Prilakunya itu membuat beberapa pengunjung cafe yang lain menatap dia dengan pandangan yang sekikit -eerr- seduktif. Aku kembali menghela nafasku. Wajahnya yang manis dengan lesung pipi yang menambah kesan imut pada wajahnya yang putih memang mengundang tatapan orang yang seakan ingin melahapnya. Kadang aku berfikir, sebenarnya yang perempuan itu aku atau dia?
Aku mendudukkan diriku tepat di sebelahnya karena dia memilih tempat di samping dinding yang memiliki sofa panjang yang menempel pada tembok.
"Udah lama?" Tanyaku berbasa-basi.
"Udaahh~ ni makananku udah abis." Aku memutar mataku saat mendengar nada bicaranya yang manja. Sebenarnya memang begitu setiap kali dia berbicara. Benar-benar imut.
"Sha.."
"Hmm?"
"Ngantuk." Setelah mengatakan itu dia menyenderkan kepalanya pada bahuku yang kembali membuatku memutar kedua bola mataku.
Ricky seperti anak anjing yang baru saja bertemu tuannya setelah seharian berpisah.
Anak anjing...
Aku membayangkan Ricky dengan telinga anjing yang imut dan ekor yang bergoyang goyang
Anak...
Blush.
Wajahku sukses memerah, dadaku berdebar dengan sedikit kencang. Hilangkan, hilangkan. Hapus pikiran kotor tadi.
Dengan sedikit ragu aku menggoyangkan bahunya.
"Pulang aja gimana? Masa mau tidur disini?"
Dia menatapku dengan pandangan seperti anak anjing yang...
Blush.
Bisakah dia tak selalu menggodaku seperti itu? Aku kembali bertanya-tanya. Siapa sebenarnya yang perempuan disini?
"Gendong~" Ucapnya manja. Aku hanya menatapnya dengan tajam dan dia segera merenggut dengan kesal.
Setelah membayar tagihan makanannya, aku mengantarnya pulang dengan audi hitamku. Setiap hari selalu seperti ini, aku seperti sopirnya saja.
Aku mengguncang pelan tubuhnya saat sampai di depan rumahnya.
"Rik... Bangun..."
"Uuhhmmm..."
"Hhh~" Menghela nafas kesal, aku keluar dari mobilku dan membuka pintu di sebelah kursi yang ditempatinya.

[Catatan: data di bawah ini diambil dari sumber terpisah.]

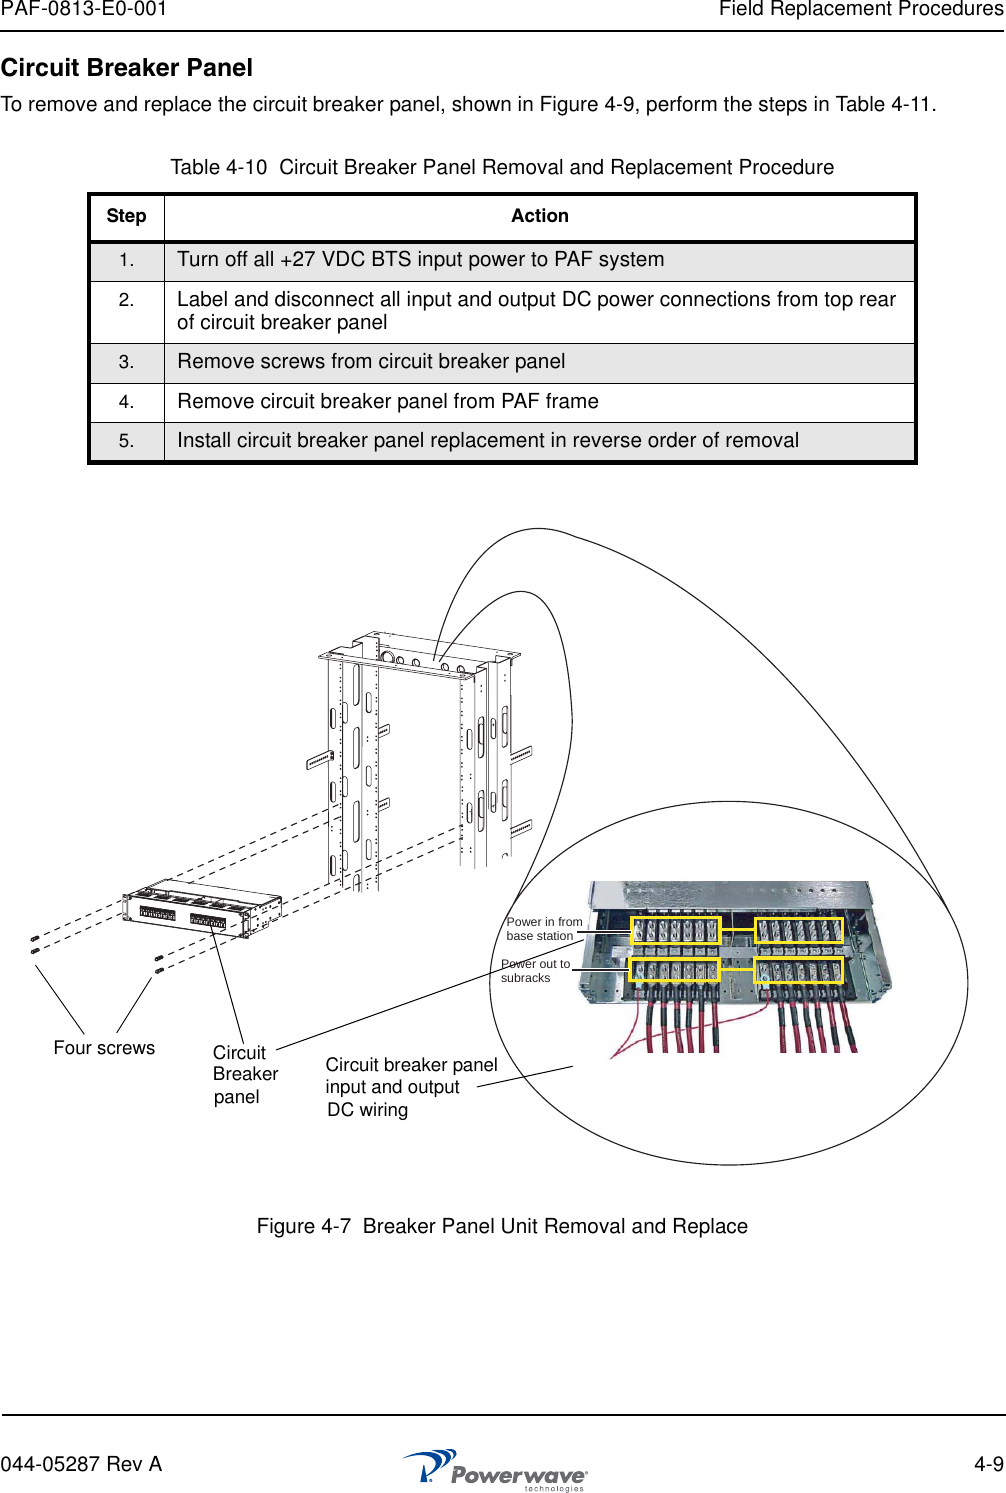 PAF-0813-E0-001 Field Replacement Procedures044-05287 Rev A 4-9Circuit Breaker PanelTo remove and replace the circuit breaker panel, shown in Figure 4-9, perform the steps in Table 4-11. Figure 4-7  Breaker Panel Unit Removal and ReplaceTable 4-10  Circuit Breaker Panel Removal and Replacement ProcedureStep Action1. Turn off all +27 VDC BTS input power to PAF system2. Label and disconnect all input and output DC power connections from top rear of circuit breaker panel3. Remove screws from circuit breaker panel4. Remove circuit breaker panel from PAF frame5. Install circuit breaker panel replacement in reverse order of removalPower in from base stationPower out tosubracksCircuit breaker panelinput and outputDC wiringCircuit Four screwspanelBreaker 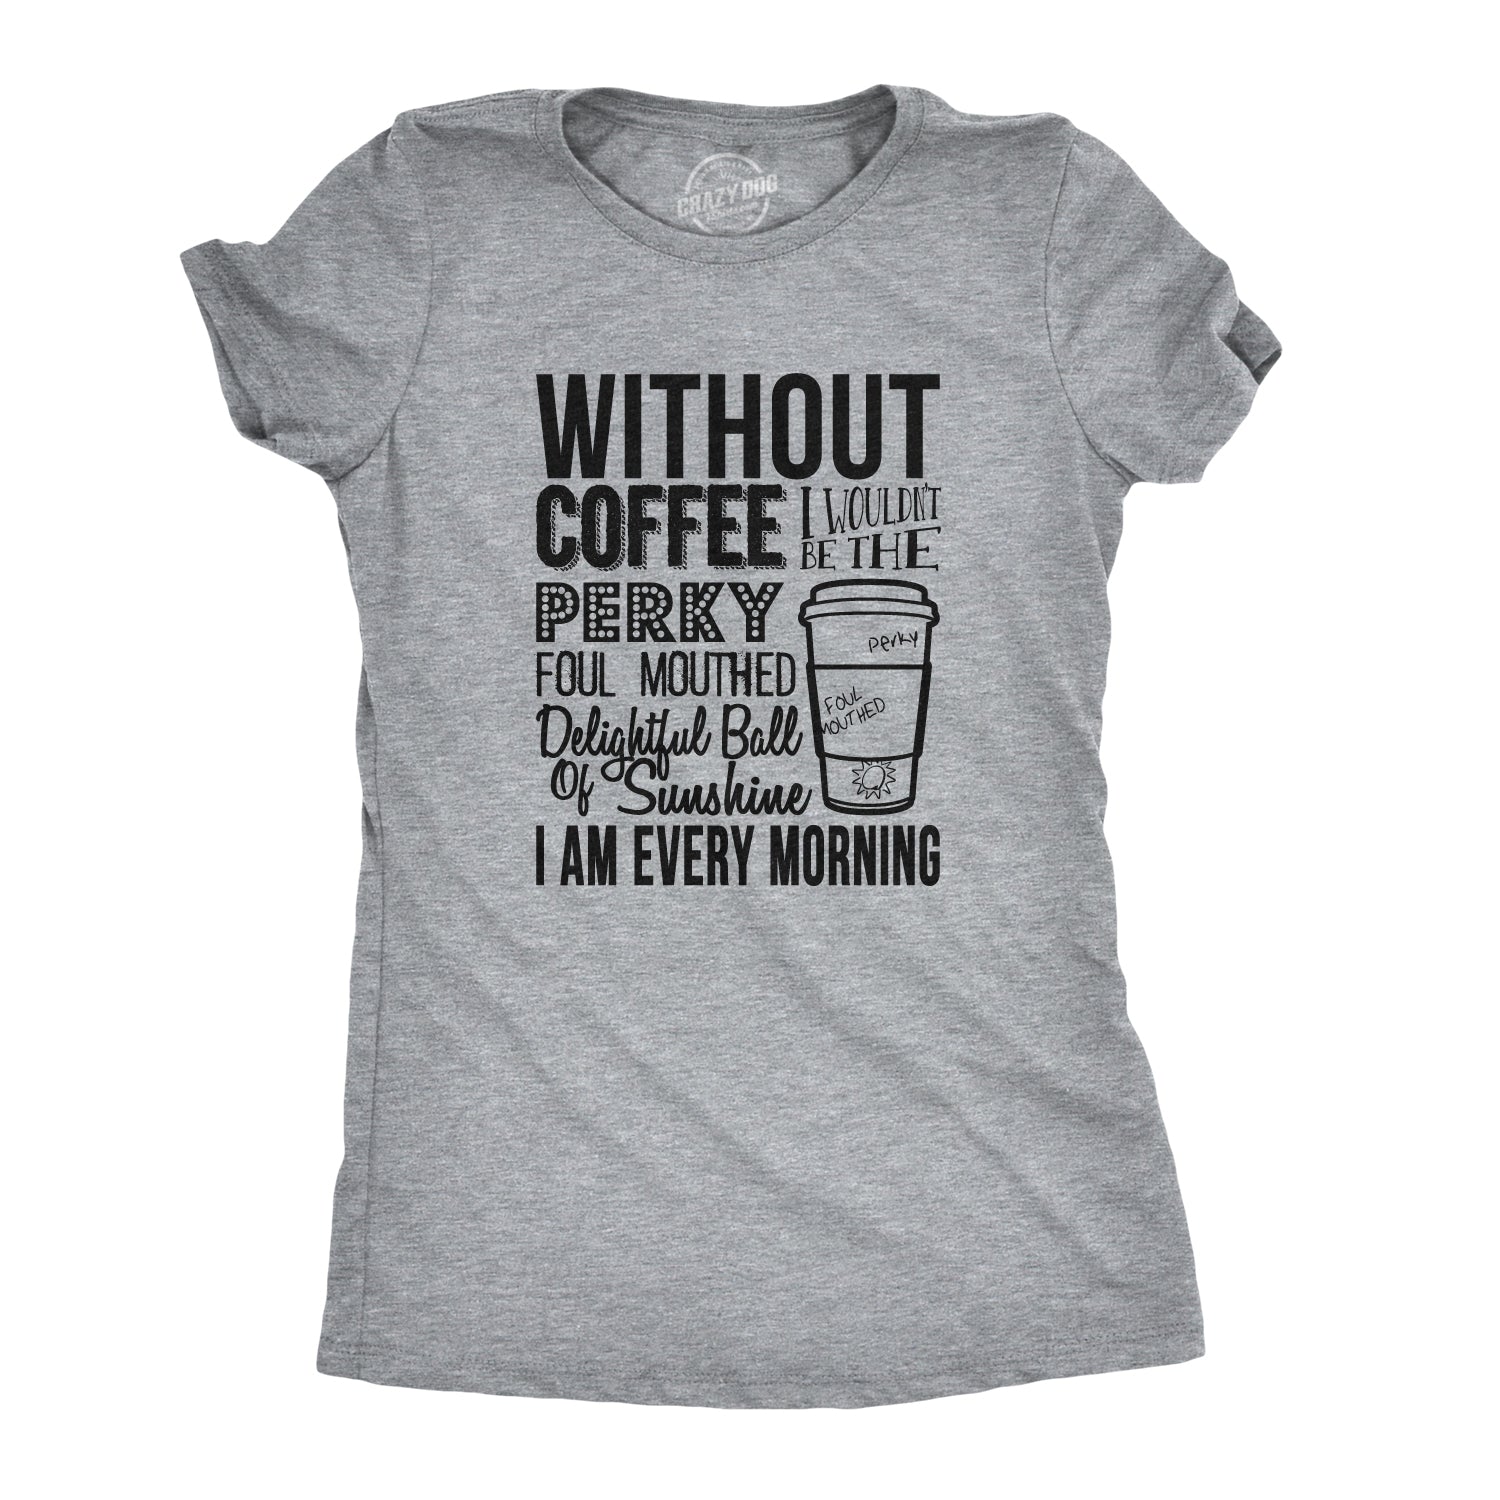 Funny Light Heather Grey Without Coffee I Wouldn’t Be Womens T Shirt Nerdy Coffee Food Retro Tee

Dengan menggendong tubuhnya yang termasuk ringan, aku memasuki rumahnya yang sudah seperti rumah keduaku. Baru akan menaiki tangga, aku disapa oleh ibunya.
"Tasha? Maaf ya ngerepotin lagi."
"Nggak apa, tante. Oh ya tante, Ricky udah makan tadi, jadi nanti nggak usah dibangunin ya. Kasian kayaknya dia capek abis ekstra tadi."
Ibunya hanya tersenyum dan melanjutkan langkahnya entah kemana.
Aku membaringkan Ricky dan memandang wajah manisnya.
"Salah ya aku jatuh cinta sama kamu, Rik?"
Aku mengecup bibirnya dengan perlahan dan keluar menuju rumahku sendiri yang tepat berada di sebelah rumahnya.
Tanpa menyadari bahwa mata berwarna coklat muda terbuka dan tangan dari pemilik mata itu menyentuh bibirnya pelan yang sehabis dikecup oleh sahabatnya sendiri.
Tersenyum miris.
"Salah ya aku kalau juga jatuh cinta sama kamu, Sha. Sayangnya aku terlalu takut untuk menyatakan perasaanku."
Malam itu dihabiskan oleh keduanya dengan perasaan sepi yang sama.
Perasaan mereka yang saling membalas, tetapi terlalu takut untuk merusak hubungan indah yang sudah mereka jalin bahkan semenjak mereka belum bisa berbicara.
Perasaan takut kehilangan yang sama, yang sama-sama menyiksa keduanya.
Perasaan saling menghargai, saling takut untuk menyakiti.